UK Govt: Somali Heritage Teens Abused in Forced Marriage Detention Centres

This photo made on April 12, 2013 shows young Somali girls during an academic prize giving
TONY KARUMBA/AFP/Getty

There has been a 100 percent year-on-year rise in the number of forced marriage cases linked to Somali heritage youngsters, with many tricked into returning to Africa where they are often detained and abused, officials say.

The youngsters are routinely being taken to their parents’ home countries, under the pretence of a holiday, but instead are kept in detention centres before they are forced into marriage, The Guardian reports.

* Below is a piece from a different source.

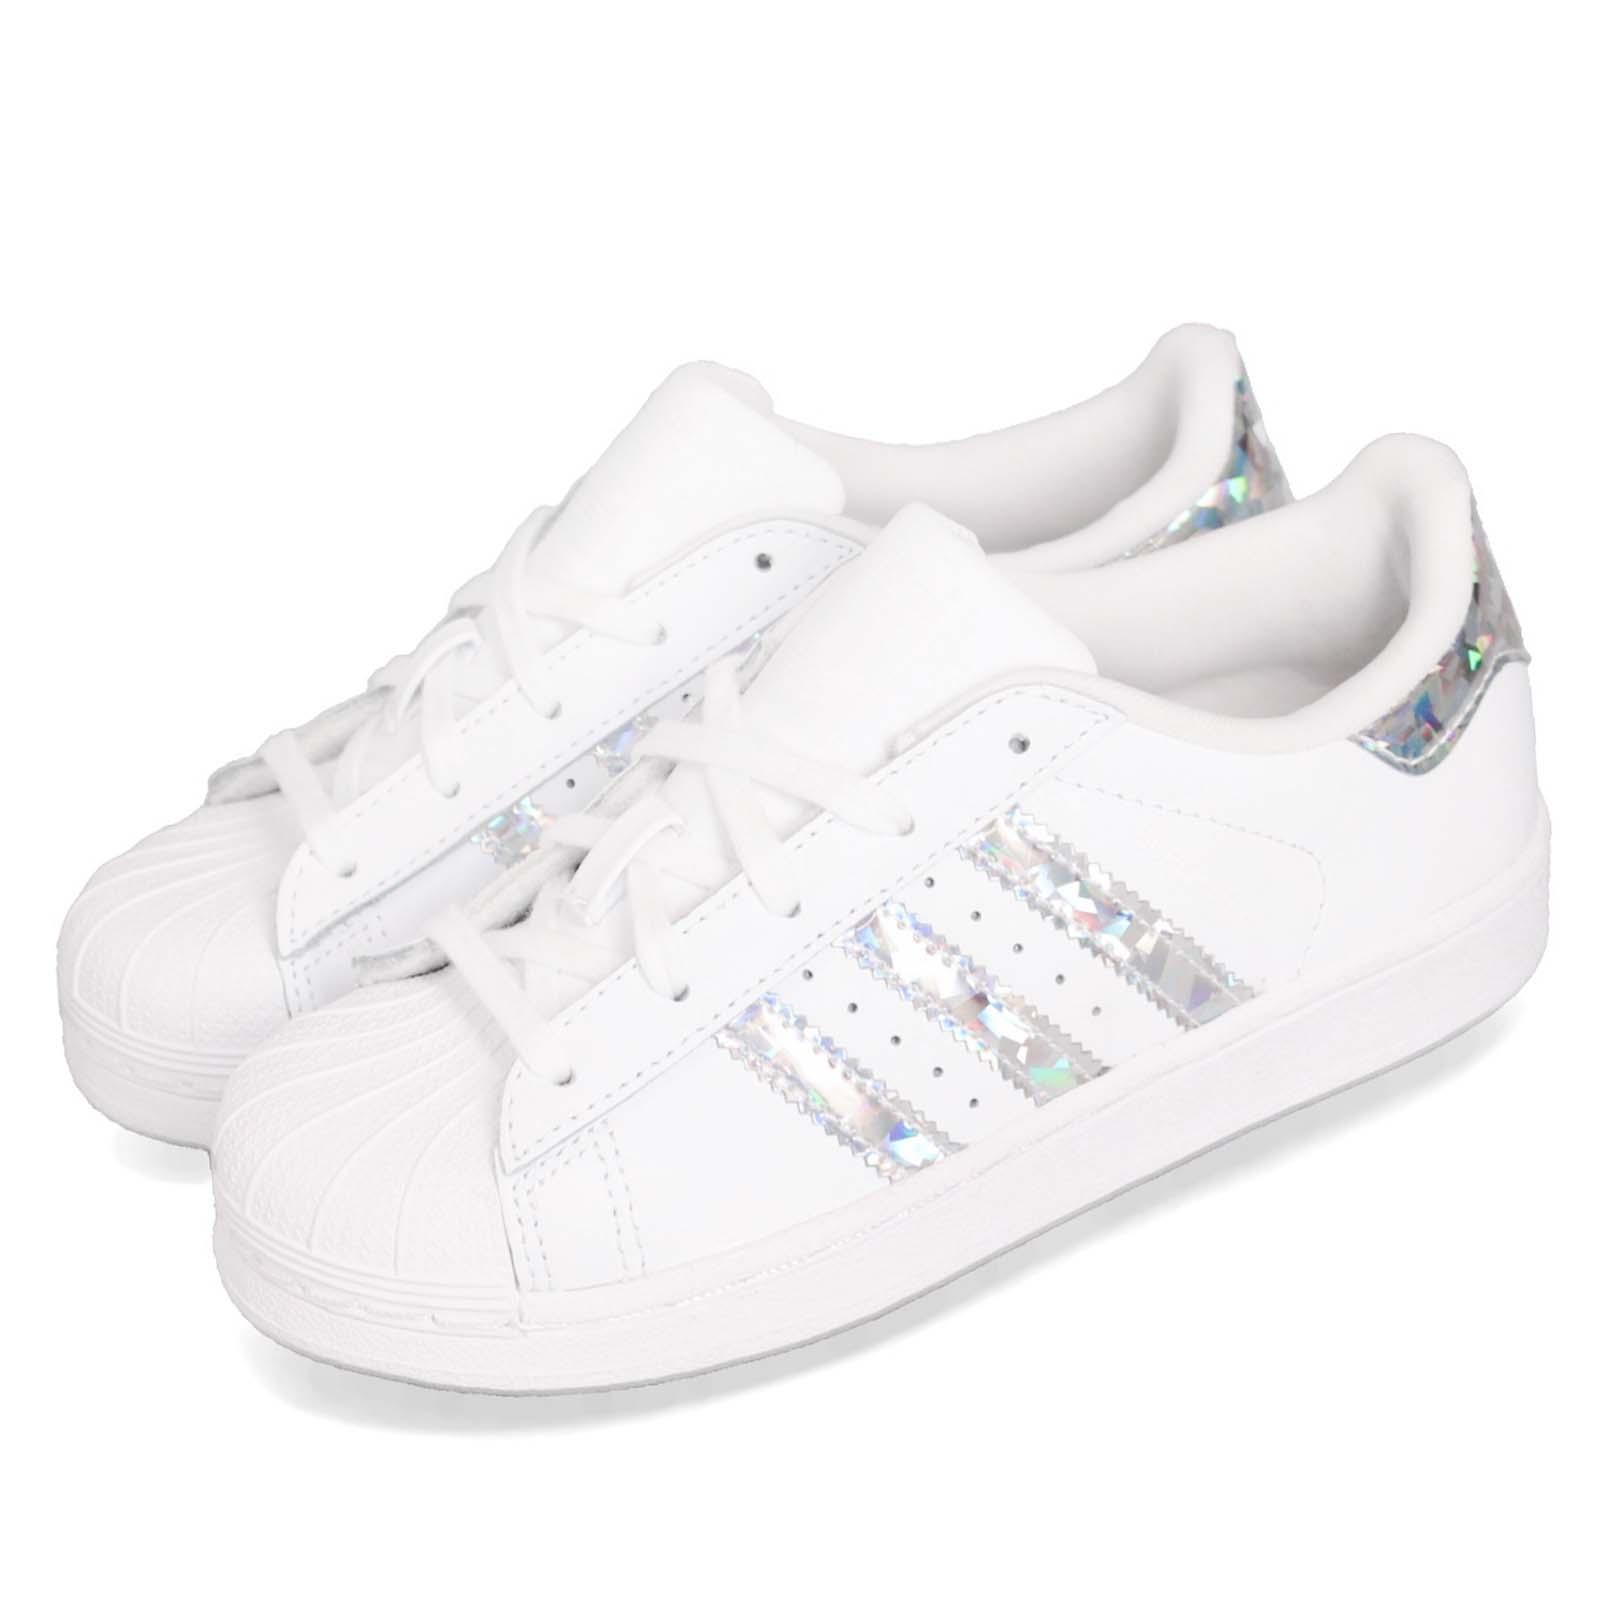 adidas 休閒鞋 Superstar 童鞋 CG6708

They are put in a so-called “dhaqan celis”, which translates as “the rehabilitation community”, and children and teenagers are sent to “re-education schools” where they are taught Muslim and Somali cultural values.

However, the Home Office says the schools do not offer an academic curriculum and instead end in pupils being subjected to physical, mental, and sexual abuse.

Some of the children and teenagers are imprisoned and held against their will and only given their freedom back if they agree to marry.

David Myers, joint head of the Home Office’s Forced Marriage Unit (FMU) in the UK, told The Guardian:

“What we are seeing in these communities is that young people who have antisocial behaviour issues, are getting involved in gangs and drugs, and are being sent back to Somalia by their parents for re-education and rehabilitation.

“The concept in Somali culture, dhaqan celis, means returning to the culture to help them rehabilitate and they are sent to what they call schools but what we call detention centres.

“We have had reports of physical abuse, mental abuse, sexual abuse within these centres, where they are kept in really strict conditions.

“These teenagers and children are told that the only way they can escape these centres is to get married to another Somalian and that is where the forced marriage element comes into it.”

The latest figures show a 100 per cent increase in the number of forced marriage cases handled by the Home Office involving Somali children and teenagers in just a year.

Almost 75 per cent of the victims, some younger than 15, were already abroad when they contacted the government’s FMU.

In July, ahead of the school holidays, UK police warned children that they may be subject to “honour-based violence” such as forced marriages and Female Genital Mutilation (FGM) when they go abroad.

Around 4,500 new cases of FGM were recorded in England and Wales in the year to March 2018, more than one every two hours, NHS data has revealed.